C'avait un tel sens.
Aya n'avait soudain aucune idée de comment argumenter contre ça.
Andy avait déjà enfilé les vêtements à une vitesse remarquable.
Bien qu'il pût toujours horriblement mauvais.
Au moins, il ne ressemblait plus à quelqu'un qui sortait de prison.
« D'accord.
— On devrait y aller.
— Les gardes n'ont probablement pas encore remarqué ma disparition. Si on attend plus longtemps, ils scelleront définitivement la zone autour de l'entrée du tunnel. »
John hocha la tête.
« Emmenez-la. »
Andy fit signe à Aya.
« Restez près de moi. »
Les deux sortirent en rampant de derrière le tas d'ordures.
Puis contournèrent vers l'autre côté de la muraille.
Aya marcha une douzaine de mètres.
Puis se retourna pour regarder John.
Elle marcha encore une douzaine de mètres.
Puis regarda à nouveau en arrière.
Peu importe comment on le voyait, son expression ressemblait à celle d'un petit animal que son maître envoyait soudain en famille d'accueil ailleurs.
John agita désespérément la main.
« Allez-y déjà. »
Ce n'est qu'alors qu'Aya suivit Andy et disparut de sa vue.
...
Après avoir confirmé que les deux étaient partis.
John se mit également en mouvement.
Il progressa rapidement le long du périmètre extérieur de la Ville de la Nuit.
Au lieu d'approcher la porte principale.
Il fit le tour pour aller du côté de la muraille.
Il y avait encore des soldats en patrouille ici.
Mais la densité de patrouille était évidemment bien plus faible qu'à la porte.
John avança à travers les ombres d'un champ de rochers épars.
Utilisant le [Set Chasseur Sans Visage] pour réduire le bruit qu'il faisait.
Il atteignit bientôt le pied de la muraille.
Au-dessus de lui.
Une escouade de soldats du Royaume des Ténèbres venait de passer.
John attendit quelques secondes.
Jusqu'à ce que le bruit de leurs pas s'estompe progressivement.
Puis leva la tête.
Et regarda l'épais mur noir devant lui.
Le mur était haut.
Au moins plusieurs dizaines de mètres.
Mais il n'avait jamais prévu de le franchir par le haut.
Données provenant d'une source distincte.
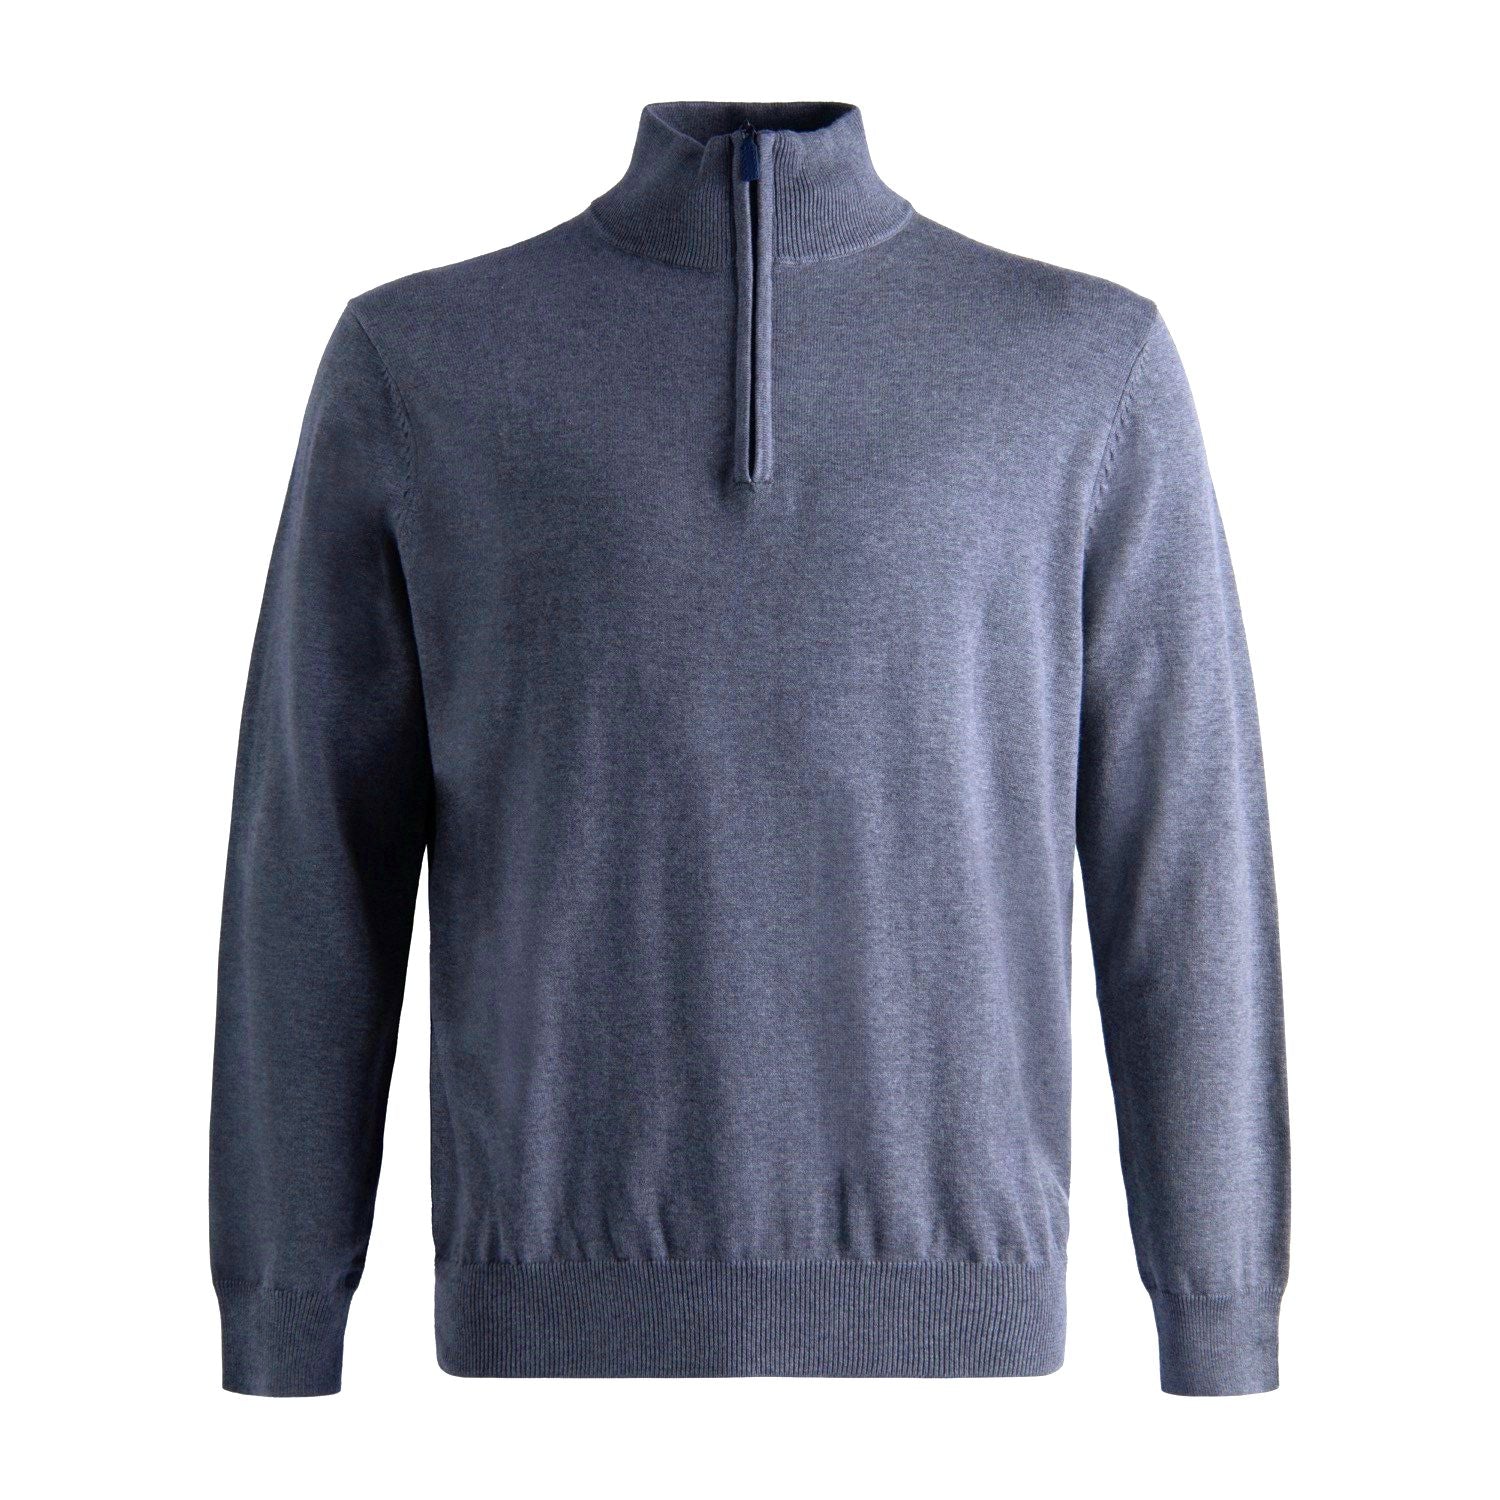 Cotton and Silk Blend Quarter-Zip Mock Neck Elbow Patch Sweater in Steel Blue by Viyella
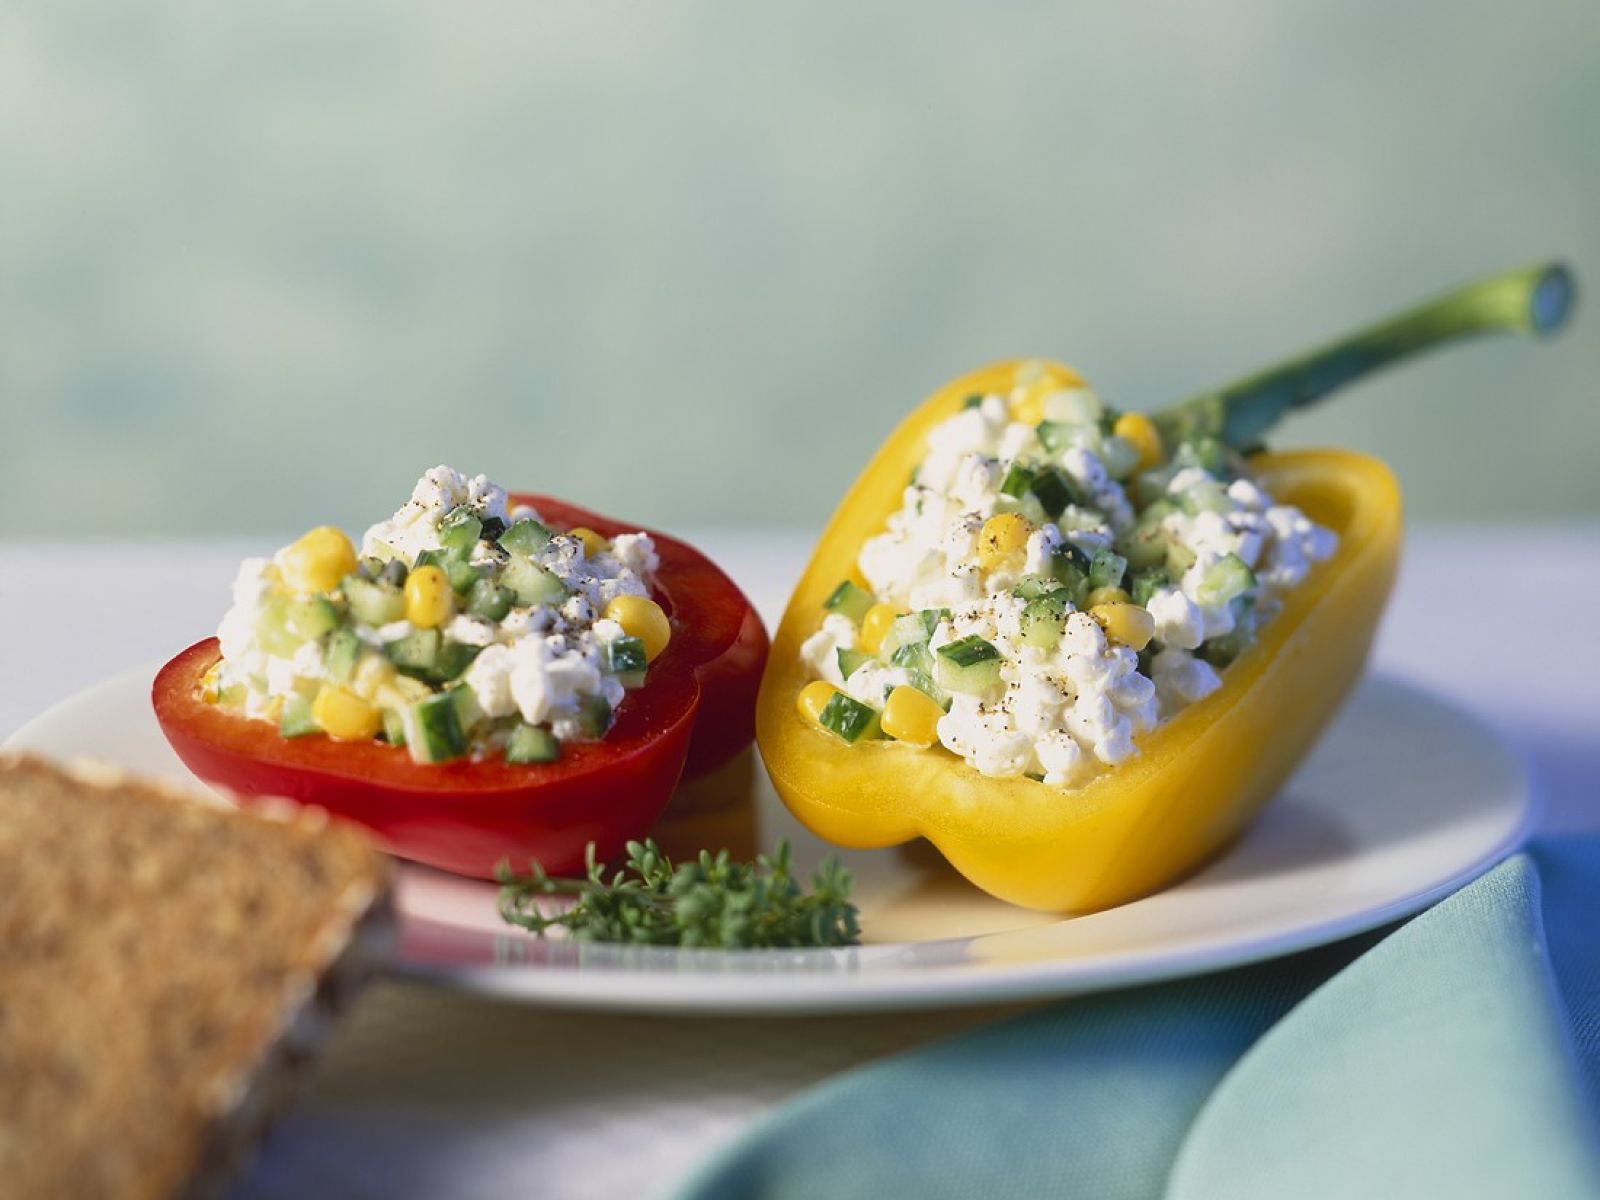 stuffed-peppers-with-cottage-cheese-and-vegetables-594342.jpg

« Transposition du Vide. »
*Bzz—*
Une faille gris-argent s'ouvrit devant lui.
John entra à l'intérieur.
Son corps disparut instantanément.
La massive muraille n'offrit aucune résistance.
La seconde d'après.
Il ressortit du vide de l'autre côté.
La scène devant lui changea abruptement.
Une ruelle étroite.
Des murs de pierre noir et rouge.
Plusieurs cordes pendaient au-dessus, drapées de peaux de bêtes inconnues laissées à sécher.
Il n'y avait personne autour.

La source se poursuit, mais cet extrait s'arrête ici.